En 2008, suite au refus de votre père de sanctionner la loi sur l’euthanasie, la constitution a été changée. Si vous vous étiez trouvé dans la situation de votre père, comment auriez-vous réagi? Et que pensez-vous de cette modification constitutionnelle qui a supprimé le droit de sanction des lois pour le grand-duc?
«Cette décision a été très positive. Mon père voulait changer la constitution, afin qu’il y ait un respect réel de la séparation des pouvoirs. Il y avait une mission entre les pouvoirs législatif et exécutif qui n’avait pas lieu d’être. Grâce à cette réforme, il y a davantage de logique.
Tout homme, à un moment, a le droit d’avoir un conflit de conscience, surtout sur un sujet tel que l’euthanasie, et à mon avis, je n’en aurais pas été préservé. Mais finalement, c’est une situation qui, pour moi, ne se présentera jamais, puisque mon père a décidé d’abandonner ce droit de sanction.
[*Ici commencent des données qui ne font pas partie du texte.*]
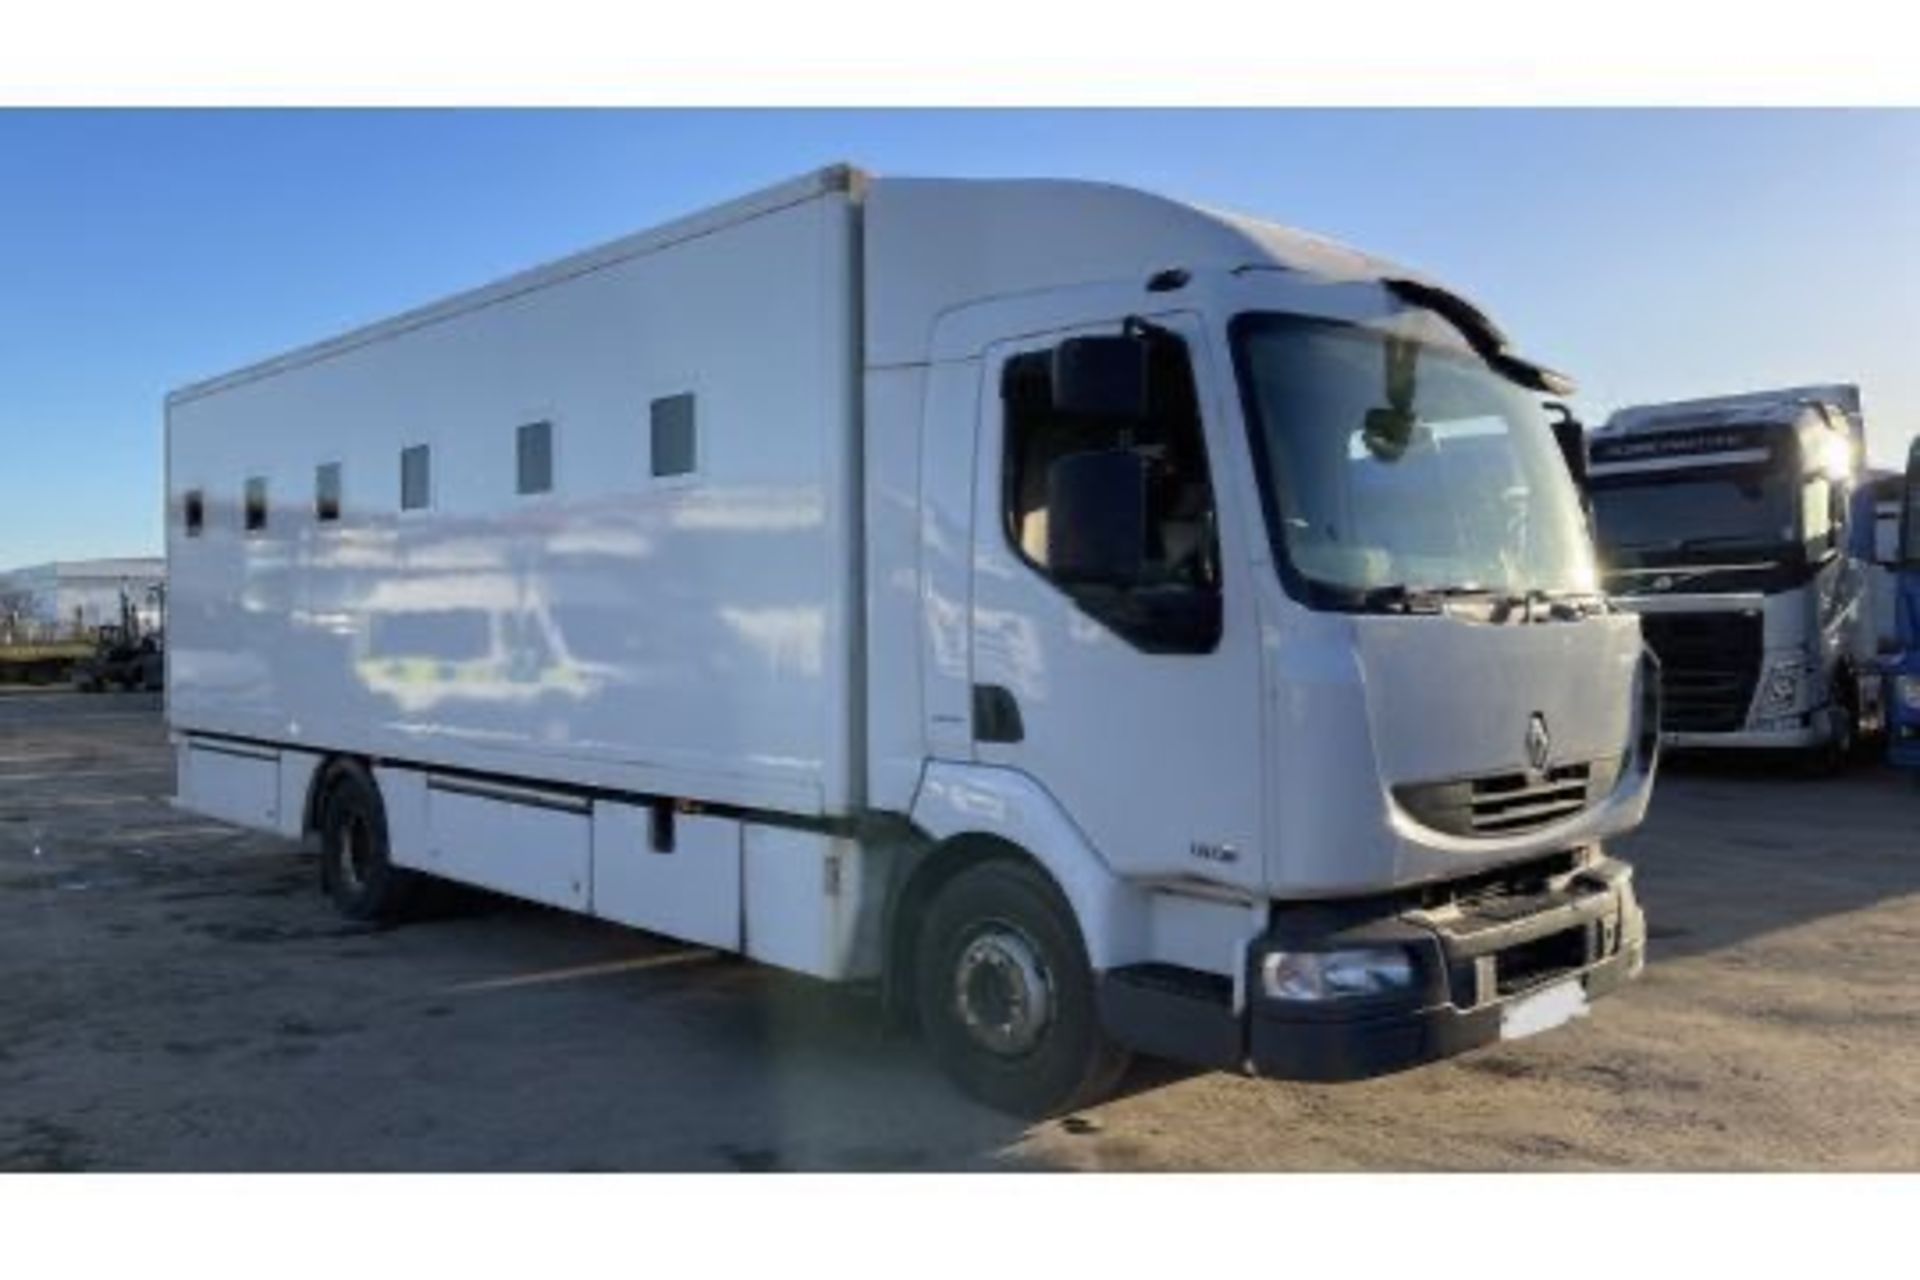 PO11 OXN 2011 RENAULT MIDLUM 180 DXI. MANUAL GEARBOX. DIESEL A/C. REAR VIEW CAMERA. 10 X CELLS.

Si vous deviez accéder au trône demain, vous sentiriez-vous prêt à assumer cette fonction?
«Non, je ne suis pas encore prêt. Il me faudra encore plusieurs années d’apprentissage. Notamment dans les domaines de la connaissance. Mon père est un homme qui a une connaissance extraordinaire et donc une analyse mûre des événements, grâce à son expérience. C’est ce qui me manque et que seul le temps pourra vraiment accroître.»